The MSVC/CUDA Version Constraint

The most consequential thing to understand about CUDA on Windows is that NVCC does not compile C++ code directly. It delegates host-code compilation to MSVC’s cl.exe, and every CUDA release ties to a specific range of Visual Studio versions.

The coupling is strict. CUDA 12.x requires Visual Studio 2019 (MSVC 192x) or Visual Studio 2022 (MSVC 193x). CUDA 11.x supported VS 2017 through VS 2022. NVIDIA documents this in the CUDA Toolkit release notes, but the practical consequence is less obvious: the CUDA installer on Windows does not merely install nvcc. It integrates with the VS installation, inserting custom build rules into MSBuild project templates. If VS is not installed first, the CUDA installer silently skips that integration step.

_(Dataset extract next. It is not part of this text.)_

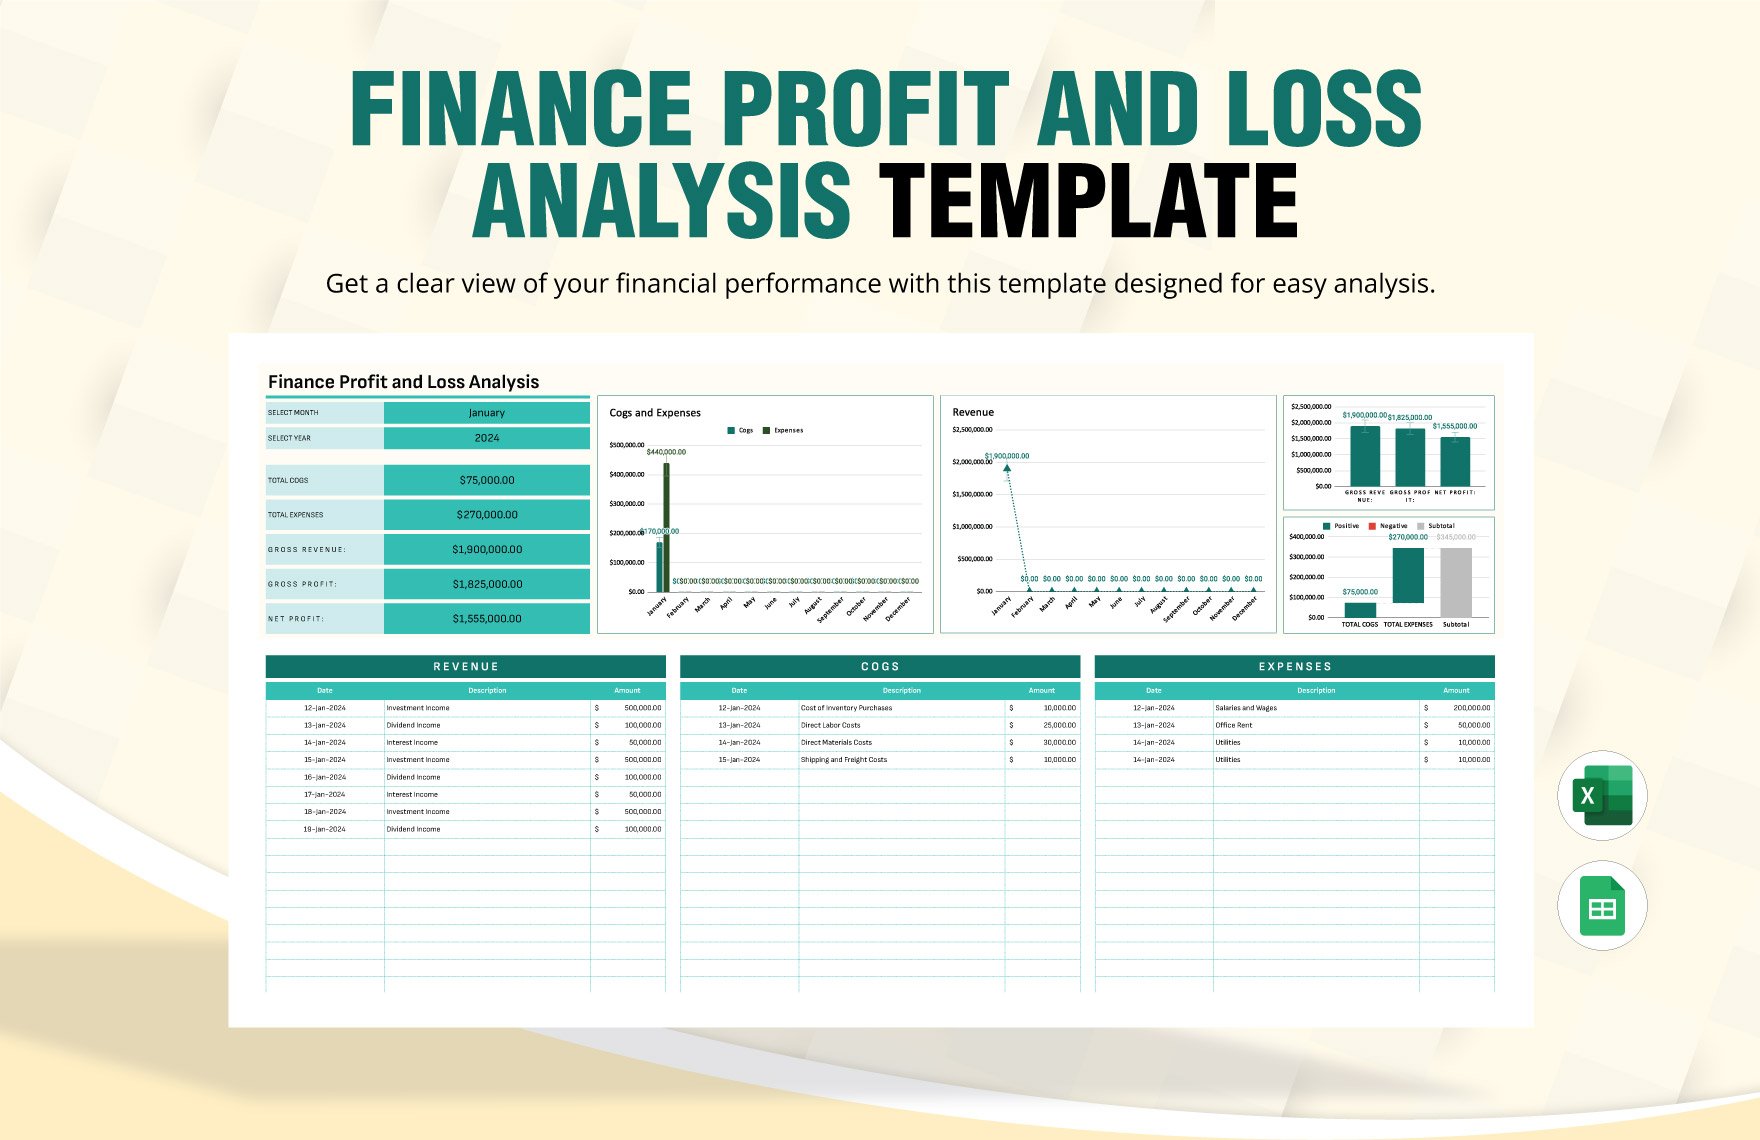 Finance Profit and Loss Analysis Template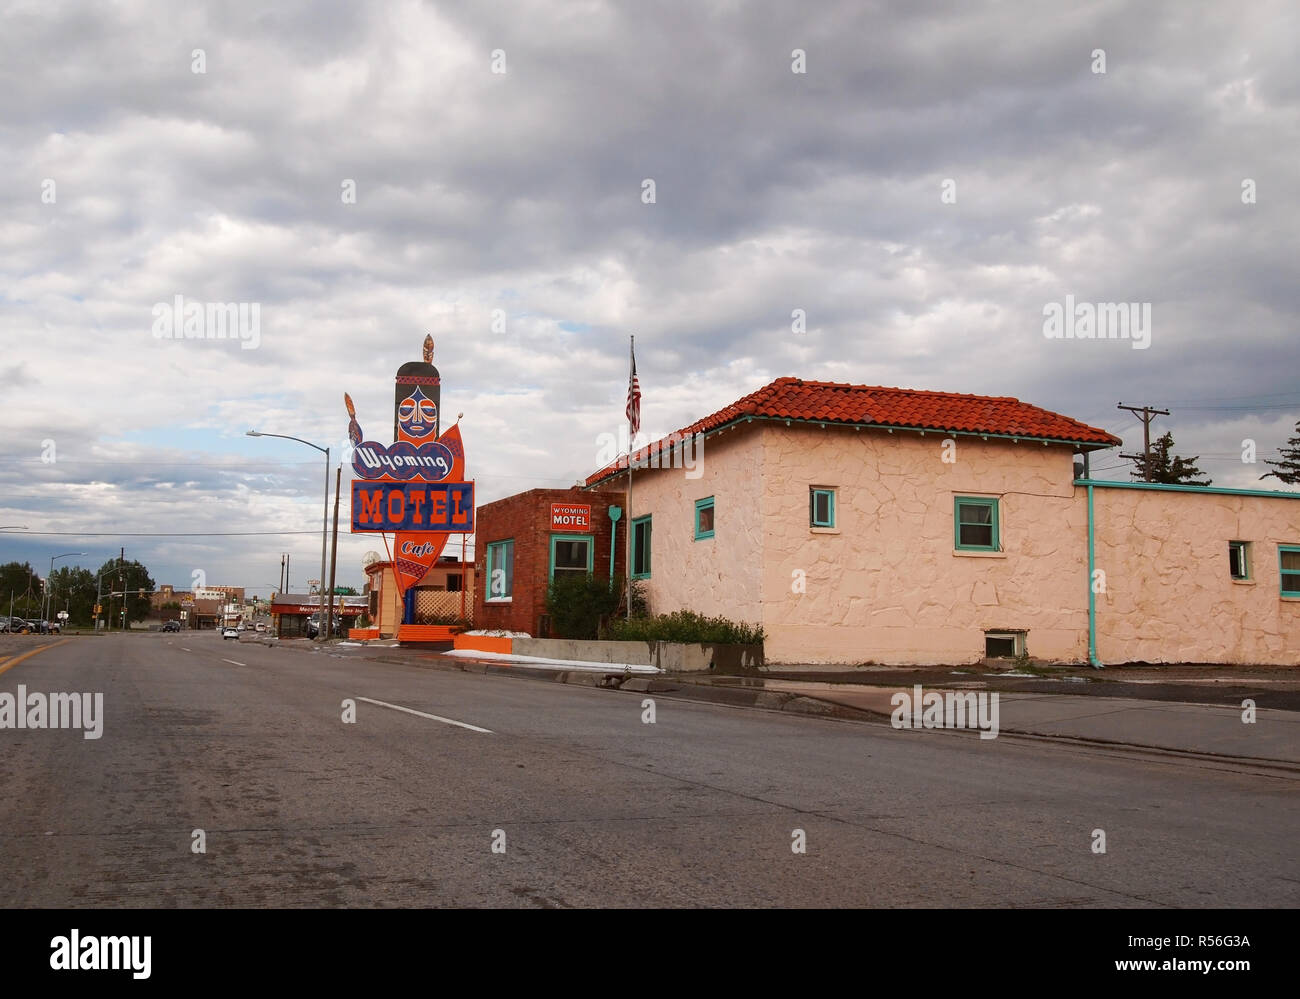 CHEYENNE, WY - JULY 25, 2018: Built in 1936, the iconic Wyoming Motel is an example of the type of fun, kitsch themed drive-in motels that sprang up a Stock Photo

This is the kind of environmental precondition that breaks the “one command” premise before you get to Conan. A Conan 2.x profile for Windows CUDA needs to encode this pairing explicitly:

# profiles/win-cuda-12-msvc
[settings]
os=Windows
arch=x86_64
compiler=msvc
compiler.version=193
compiler.runtime=dynamic
build_type=Release
cuda_version=12.4

[buildenv]
CUDA_PATH=C:\Program Files\NVIDIA GPU Computing Toolkit\CUDA\v12.4

[conf]
tools.cmake.cmaketoolchain:generator=Ninja
tools.microsoft.msbuild:vs_version=2022

The compiler.version=193 corresponds to MSVC 2022. Conan uses this to compute the package ID, so a binary built with MSVC 2019 and one built with MSVC 2022 are distinct cached artifacts. The CUDA_PATH buildenv entry mirrors what the CUDA installer sets as a system environment variable, making the Conan profile the authoritative configuration rather than relying on per-machine state.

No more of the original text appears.